Sarà lo stesso con la Germania, dopo il caso e il conflitto sui finanziamenti alle Ong, considerati gli ottimi rapporti del Quirinale con l'omologo tedesco, con cui si è incontrato di recente. Insomma, la presidente Meloni è tutto un successone in campo internazionale. E' vero, come si sa, che litiga con le cosiddette locomotive d'Europa, ma questo nello scenario superato, stantio, vecchio, dell'Unione Europea, dove Francia e Germania sono destinate a contare sempre meno per fare spazio al nuovo che avanza, lo vogliamo dire senza ambasce, gli amici destrorsi e sovranisti d'Ungheria e di Polonia.
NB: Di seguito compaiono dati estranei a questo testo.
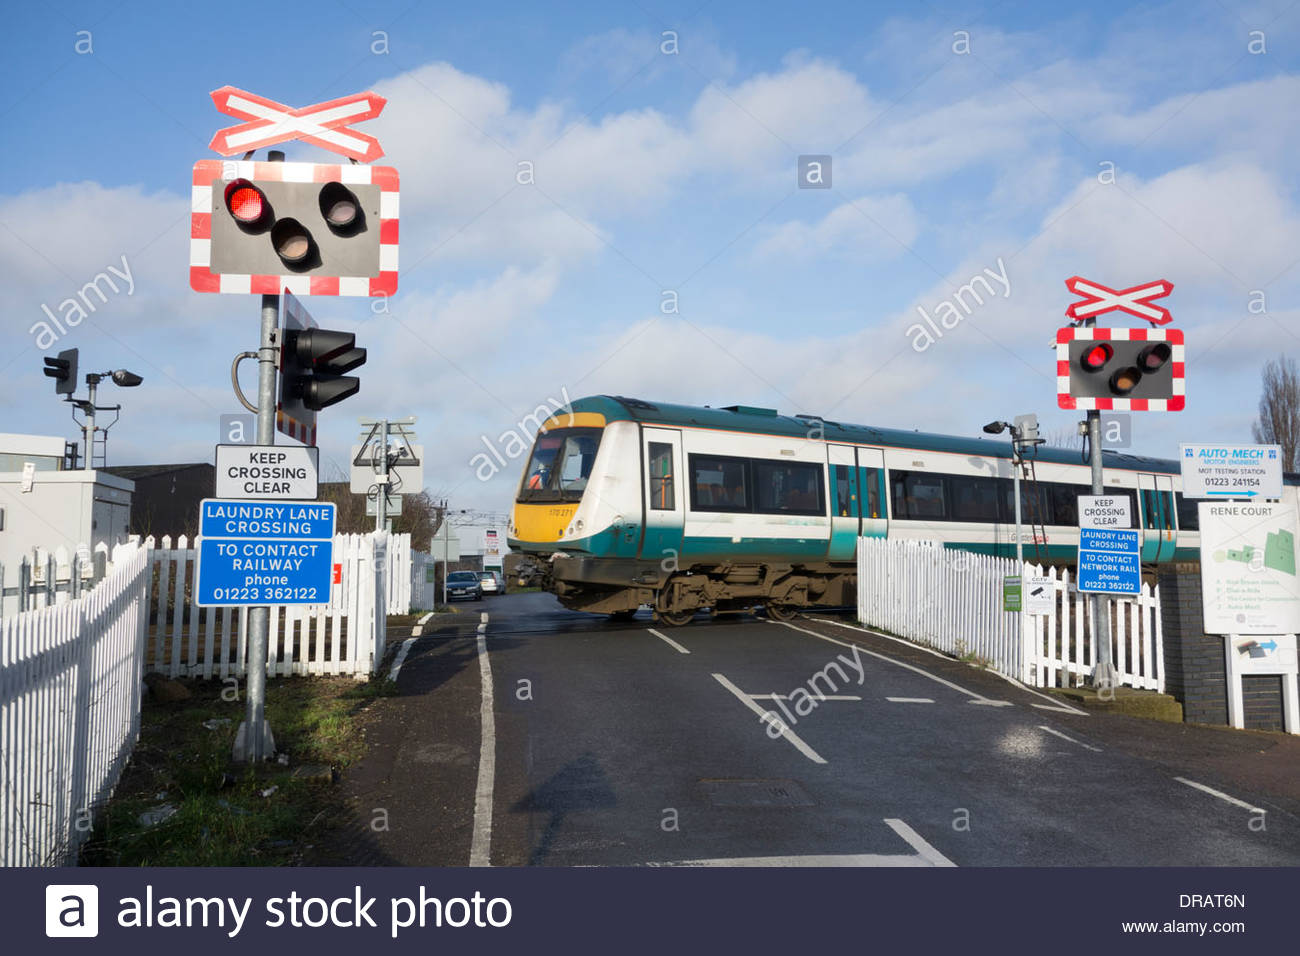 Ungated And Unmanned Level Crossing With Signals And Train Crossing In Cambridge England Uk Stock Photo Alamy

Non a caso, secondo le dichiarazioni raccolte dalle agenzie ieri, la presidente Meloni ha sentore che i traguardi sono oramai prossimi e che "il 2024 sarà un anno molto importante" e non soltanto sul piano internazionale. Sarà "l'anno delle grandi riforme di cui questa Nazione ha bisogno: la riforma fiscale in primis, ma anche l'avvio della riforma costituzionale e quella sulla giustizia. E poi, la grande riforma del merito, in particolare nella scuola. Di fronte a noi abbiamo un grande lavoro da fare ma questo è ciò che faremo nel rispetto degli impegni presi con gli italiani. L'Italia ha scelto noi e noi non la tradiremo".

Marcetta finale d'incoraggiamento con coro che sale in piccionaia: "Vincere, vincere, vincere, e vinceremo per terra, mare e cielo..."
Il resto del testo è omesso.